The Vcm in the datasheet is (V–) + 0.5 (V+) – 2. I will likely power this from a 9V supply split to ±4.5V, Sure, a typical guitar output should not go near the rails, however a humbucker pickup with heavy gauge strings might, or powered by a 9V battery that is 30% depleted you might get near, and its always good to have some leeway.
So my question is, if the input does run into the top 2V, will this clip harshly, or will it simply impede the datasheet quoted performance? Might seem like a silly question, but the OPA1688 datasheet has the sentence, "Note that this device can operate with full rail-to-rail input 100 mV beyond the top rail, but with reduced performance within 2 V of the top rail."
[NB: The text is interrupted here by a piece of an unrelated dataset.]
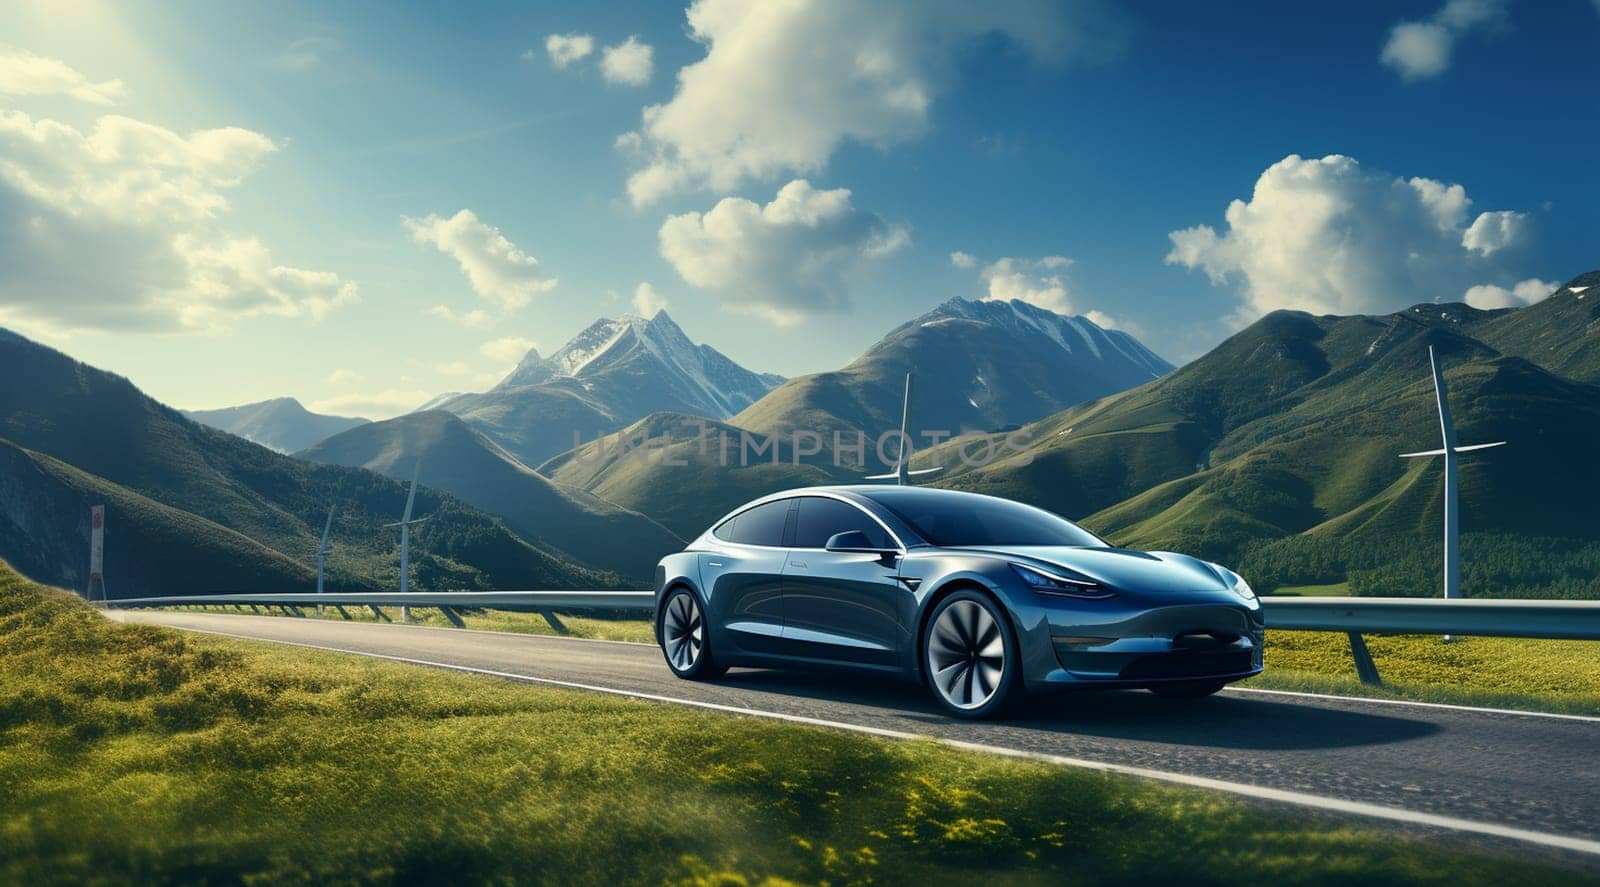 Car concept dark transport elegant design, close view. 3D rendering. High quality photo

That info is very useful information for a designer, and maybe I'll select the OPA1688 for this application: I could design for 95% of the guitars in the world, knowing that if I get a really hot signal, my device will still work as planned (and if the signal is that hot, I doubt many people will notice the slight drop in THD). Initially, I favoured a FET-input op-amp for this application, but I note that the OPA1688 has a very high input impedance; since it's CMOS architecture I guess it's MOSFET rather than FET or JFET input; so it could work really well. It seems like an underrated device!
I'm aware that I could add a discrete FET source follower stage and then use a more general rail-to-rail op-amp after that, and I may end up doing that, but since I need an op-amp stage in this circuit anyway I might as well explore the possibility of using that for input.
Cheers.